● **What to work on**
Exactly as they appear, set down all the lines of the material.

-- Opening Marker --

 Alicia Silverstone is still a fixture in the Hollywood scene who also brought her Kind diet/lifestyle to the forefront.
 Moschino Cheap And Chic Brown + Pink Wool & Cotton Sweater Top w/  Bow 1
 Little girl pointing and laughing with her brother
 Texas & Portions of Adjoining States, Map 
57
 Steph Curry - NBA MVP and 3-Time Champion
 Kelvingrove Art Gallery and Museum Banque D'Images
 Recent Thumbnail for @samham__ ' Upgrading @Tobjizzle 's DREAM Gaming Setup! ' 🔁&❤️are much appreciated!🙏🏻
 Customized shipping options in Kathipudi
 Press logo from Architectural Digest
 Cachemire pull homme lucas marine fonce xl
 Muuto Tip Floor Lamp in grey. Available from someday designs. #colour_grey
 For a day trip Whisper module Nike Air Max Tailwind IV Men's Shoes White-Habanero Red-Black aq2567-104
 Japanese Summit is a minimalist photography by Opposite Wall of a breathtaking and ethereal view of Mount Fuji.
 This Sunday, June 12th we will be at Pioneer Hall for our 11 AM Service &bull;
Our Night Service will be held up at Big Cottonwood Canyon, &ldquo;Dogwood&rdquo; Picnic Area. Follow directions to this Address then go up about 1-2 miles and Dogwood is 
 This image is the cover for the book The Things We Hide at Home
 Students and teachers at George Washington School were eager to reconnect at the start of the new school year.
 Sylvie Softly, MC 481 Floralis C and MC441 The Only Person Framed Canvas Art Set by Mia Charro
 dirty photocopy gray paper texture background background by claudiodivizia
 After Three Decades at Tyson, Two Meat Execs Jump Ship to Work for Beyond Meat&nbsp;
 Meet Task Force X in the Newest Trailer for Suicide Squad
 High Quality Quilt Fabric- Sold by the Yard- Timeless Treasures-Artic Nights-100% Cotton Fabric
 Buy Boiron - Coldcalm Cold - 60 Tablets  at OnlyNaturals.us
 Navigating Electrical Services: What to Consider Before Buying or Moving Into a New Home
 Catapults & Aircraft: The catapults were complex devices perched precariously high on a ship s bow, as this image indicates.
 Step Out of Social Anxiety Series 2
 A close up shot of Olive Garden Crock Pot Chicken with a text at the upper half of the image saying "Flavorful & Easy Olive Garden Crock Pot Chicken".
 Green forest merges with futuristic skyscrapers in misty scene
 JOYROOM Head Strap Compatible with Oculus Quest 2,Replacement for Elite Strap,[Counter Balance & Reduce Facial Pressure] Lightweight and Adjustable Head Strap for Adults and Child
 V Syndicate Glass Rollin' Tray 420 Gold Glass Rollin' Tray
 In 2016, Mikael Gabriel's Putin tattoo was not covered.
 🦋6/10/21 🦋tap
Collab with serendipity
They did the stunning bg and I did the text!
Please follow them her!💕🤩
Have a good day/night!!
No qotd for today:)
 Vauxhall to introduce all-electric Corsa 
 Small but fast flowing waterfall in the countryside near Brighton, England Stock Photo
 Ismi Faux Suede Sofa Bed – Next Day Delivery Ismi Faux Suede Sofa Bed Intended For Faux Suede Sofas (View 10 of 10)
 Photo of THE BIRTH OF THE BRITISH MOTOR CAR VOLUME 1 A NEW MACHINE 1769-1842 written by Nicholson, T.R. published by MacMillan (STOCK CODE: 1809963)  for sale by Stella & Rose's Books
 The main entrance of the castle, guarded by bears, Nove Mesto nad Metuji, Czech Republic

-- Closing Marker --

● **Solution to the exercise**
 Alicia Silverstone is still a fixture in the Hollywood scene who also brought her Kind diet/lifestyle to the forefront.
 Moschino Cheap And Chic Brown + Pink Wool & Cotton Sweater Top w/  Bow 1
 Little girl pointing and laughing with her brother
 Texas & Portions of Adjoining States, Map 
57
 Steph Curry - NBA MVP and 3-Time Champion
 Kelvingrove Art Gallery and Museum Banque D'Images
 Recent Thumbnail for @samham__ ' Upgrading @Tobjizzle 's DREAM Gaming Setup! ' 🔁&❤️are much appreciated!🙏🏻
 Customized shipping options in Kathipudi
 Press logo from Architectural Digest
 Cachemire pull homme lucas marine fonce xl
 Muuto Tip Floor Lamp in grey. Available from someday designs. #colour_grey
 For a day trip Whisper module Nike Air Max Tailwind IV Men's Shoes White-Habanero Red-Black aq2567-104
 Japanese Summit is a minimalist photography by Opposite Wall of a breathtaking and ethereal view of Mount Fuji.
 This Sunday, June 12th we will be at Pioneer Hall for our 11 AM Service &bull;
Our Night Service will be held up at Big Cottonwood Canyon, &ldquo;Dogwood&rdquo; Picnic Area. Follow directions to this Address then go up about 1-2 miles and Dogwood is 
 This image is the cover for the book The Things We Hide at Home
 Students and teachers at George Washington School were eager to reconnect at the start of the new school year.
 Sylvie Softly, MC 481 Floralis C and MC441 The Only Person Framed Canvas Art Set by Mia Charro
 dirty photocopy gray paper texture background background by claudiodivizia
 After Three Decades at Tyson, Two Meat Execs Jump Ship to Work for Beyond Meat&nbsp;
 Meet Task Force X in the Newest Trailer for Suicide Squad
 High Quality Quilt Fabric- Sold by the Yard- Timeless Treasures-Artic Nights-100% Cotton Fabric
 Buy Boiron - Coldcalm Cold - 60 Tablets  at OnlyNaturals.us
 Navigating Electrical Services: What to Consider Before Buying or Moving Into a New Home
 Catapults & Aircraft: The catapults were complex devices perched precariously high on a ship s bow, as this image indicates.
 Step Out of Social Anxiety Series 2
 A close up shot of Olive Garden Crock Pot Chicken with a text at the upper half of the image saying "Flavorful & Easy Olive Garden Crock Pot Chicken".
 Green forest merges with futuristic skyscrapers in misty scene
 JOYROOM Head Strap Compatible with Oculus Quest 2,Replacement for Elite Strap,[Counter Balance & Reduce Facial Pressure] Lightweight and Adjustable Head Strap for Adults and Child
 V Syndicate Glass Rollin' Tray 420 Gold Glass Rollin' Tray
 In 2016, Mikael Gabriel's Putin tattoo was not covered.
 🦋6/10/21 🦋tap
Collab with serendipity
They did the stunning bg and I did the text!
Please follow them her!💕🤩
Have a good day/night!!
No qotd for today:)
 Vauxhall to introduce all-electric Corsa 
 Small but fast flowing waterfall in the countryside near Brighton, England Stock Photo
 Ismi Faux Suede Sofa Bed – Next Day Delivery Ismi Faux Suede Sofa Bed Intended For Faux Suede Sofas (View 10 of 10)
 Photo of THE BIRTH OF THE BRITISH MOTOR CAR VOLUME 1 A NEW MACHINE 1769-1842 written by Nicholson, T.R. published by MacMillan (STOCK CODE: 1809963)  for sale by Stella & Rose's Books
 The main entrance of the castle, guarded by bears, Nove Mesto nad Metuji, Czech Republic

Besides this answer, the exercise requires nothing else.